During 1996-2001, U.K. Million Women Study recruited 1.3 million women born in the 15-year period between 1935-1950 into the study. Researchers asked questions on their cellular telephone use first in median year 2001 and again in median year 2011. They followed all study participants via record linkage to National Health Services databases on deaths and cancer registrations (including nonmalignant brain tumours).
The researchers linked the independent electronic health records of each participant with his/her behaviour, in this instance, the personal usage of cellular phones.
During 14 years of follow-up of 7,76,156 women who completed the 2001 questionnaire, the study registered 3,268 brain tumours in total. Adjusted relative risks forever vs never cellular telephone use were 0.97 for all brain tumours, 0.89 for glioma, and not statistically significantly different to 1.0 for meningioma, pituitary tumours, and acoustic neuroma.
Compared with never-users, researchers did not find statistically significant associations overall or by tumour subtype, for daily cellular telephone use or for having used cellular telephones for at least 10 years.
Taking use in 2011 as a baseline, the researchers found that there were no statistically significant associations with talking for at least 20 minutes per week or with at least 10 years use. For gliomas occurring in the temporal and parietal lobes, the parts of the brain most likely to be exposed to radio frequency electromagnetic fields from cellular telephones, relative risks were slightly below 1.0.
In a press release from the Science Media Centre, London, Prof Malcolm Sperrin, Oxford University Hospitals noted that this study from Oxford is a welcome addition to the body of knowledge looking at the risk from mobile phones, and specifically in relation to certain types of tumour genesis.
“It is a well-designed, prospective study that identifies no causal link but does recognise that there may have been false correlations arising from previous studies that are retrospective in design. There is always a need for further research work especially as phones, wireless etc become ubiquitous but this study should allay many existing concerns.” he cautioned.
Researchers investigated the associations of cellular telephone use and brain tumours in many studies, as the brain was the most exposed organ. When we keep cell phones very close to our head, the RF-EMF emitted by cell phones penetrate several centimetres into our head; the energy gets absorbed in the tissues in the temporal and parietal lobes of the brain. The well-established biological effect of RF-EMF on tissue is heating. When researchers developed limits for human exposure to RF-EMF for cellular telephones, the prime consideration was to prevent any substantial heating that could lead to adverse health effects.
There were legitimate concerns that there may be adverse biological effects from RF-EMF exposure below those limits, possibly caused through mechanisms other than heat. Researchers added a safety factor of fifty to take care of such unknown mechanisms. In any case, long-term epidemiological studies are defendable.

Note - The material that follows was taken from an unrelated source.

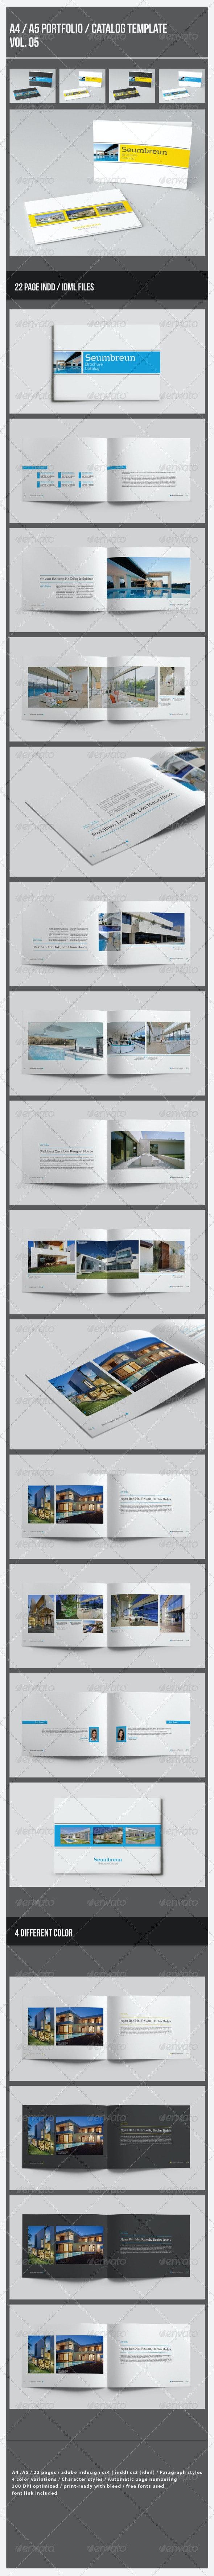 A4/A5 Portfolio / Catalog Template Vol.5 - Portfolio Brochures

In an earlier analysis in 2013 after seven-year follow up, the researchers have shown that mobile phone use was not associated with increased incidence of glioma, meningioma or non-CNS cancers. The present study after a 14-year follow up, a 60% increase in numbers of brain tumours, and new analyses by tumour laterality and location within the brain, again confirmed that cellular telephone use under usual conditions does not increase brain tumour incidence.
The researchers found that the more recent generations of wireless technologies emit substantially lower output power, so that on balance a very heavy user of today is unlikely to accumulate the same RF-EMF exposure as a modest user of the first two wireless generations.
We need not lose sleep worrying over brain tumours and cell phone use.
( K.S. Parthasarathy is a former Secretary of the Atomic Energy Regulatory Board. firstname.lastname@example.org)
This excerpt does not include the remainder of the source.